Pourtant, d’autres nations ont dû faire face à de nombreux décès, notamment l’Indonésie, l’Inde et de nombreux pays d’Afrique. Leur taux de vaccination, lui, progresse à un rythme bien plus lent. C’est en partie dû au fait que Covax, le programme de vaccination soutenu par les Nations Unies, a peiné à acquérir et à distribuer les doses de vaccin pour les pays les plus pauvres de la planète. La semaine dernière, l’OMS a lancé un appel aux pays les plus fortunés à donner leurs doses de vaccin aux nations les plus pauvres avant de proposer les rappels à leur population.
Même dans les pays où la distribution est suffisante, le rythme des vaccinations s’est vu influencé par la méfiance et la désinformation.
Avec davantage d’occasions pour se propager et muter, le virus a donné naissance à de nouveaux variants.

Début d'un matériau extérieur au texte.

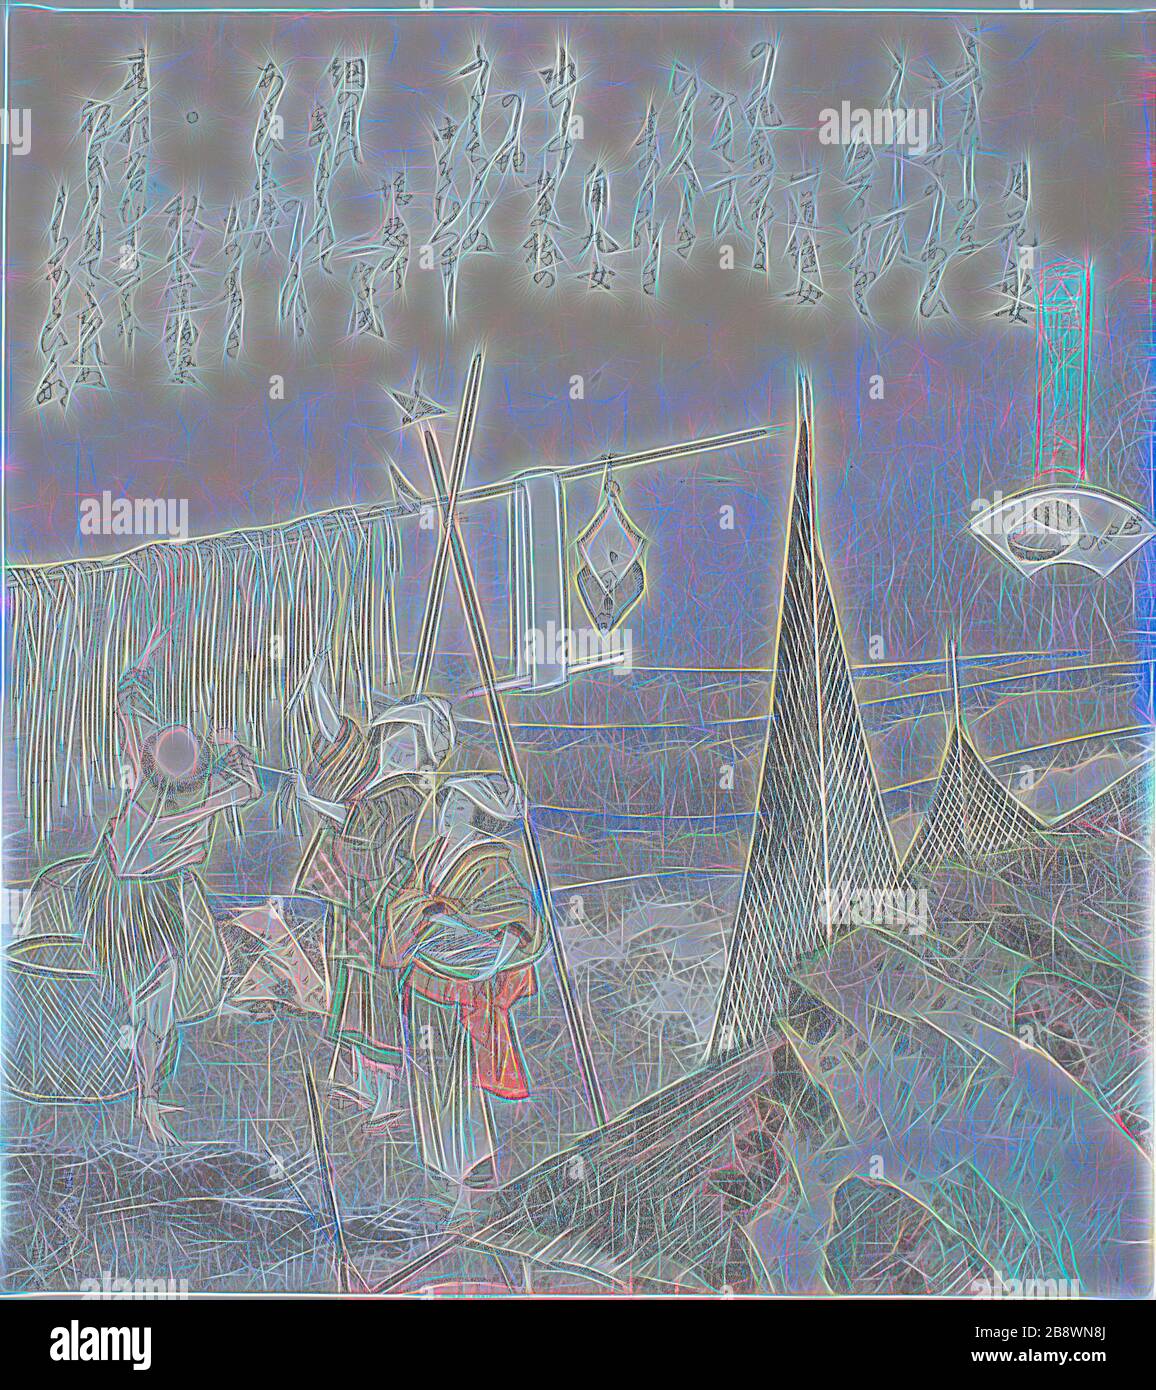 Abalone an Dry hängen, Illustration für Abalone (Awabi), aus der Serie EIN passendes Spiel mit Gedichtschalen aus der Genroku-Zeit (Genroku kasen kai Awase), 181, Katsushika Hokusai ?? ??, Japanisch, 170-1849, Japan, Farbholzholzmuster mit Metallpigmenten, Surimono shikishiban, 19,7 x 17,7 cm, von Gibon neu vorgestellt, Design von warmfröhlichem Leuchten von Helligkeit und Lichtstrahlen. Klassische Kunst mit moderner Note neu erfunden. Fotografie, inspiriert vom Futurismus, die dynamische Energie moderner Technologie, Bewegung, Geschwindigkeit und Kultur revolutionieren. Stockfoto

Non seulement ils sont plus contagieux, mais également plus discrets. Le variant Delta est le plus contagieux jusqu’à présent. Il a été identifié pour la première fois en Inde, où il a été la cause de l’une des flambées les plus catastrophiques du monde en avril. Plus récemment, il a engendré une vague de contaminations spectaculaire en Indonésie. Les données recueillies sur les anticorps suggèrent que plus de la moitié de la population de Jakarta aurait été infectée. Selon les premiers résultats de certaines études, le variant Lambda pourrait être plus résistant à certains vaccins.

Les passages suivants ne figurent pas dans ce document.